:: Activity ::
Look through the data below for the line with "Tone On 1865", and transcribe it exactly together with each line after it up to and including the line with "Strömma Giorgio Moroders nya album". Give nothing else.

:: Provided data ::

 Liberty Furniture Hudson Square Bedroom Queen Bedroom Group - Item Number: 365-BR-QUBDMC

---

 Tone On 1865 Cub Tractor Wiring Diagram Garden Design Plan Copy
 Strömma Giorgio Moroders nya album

:: Expected answer ::
 Tone On 1865 Cub Tractor Wiring Diagram Garden Design Plan Copy
 Strömma Giorgio Moroders nya album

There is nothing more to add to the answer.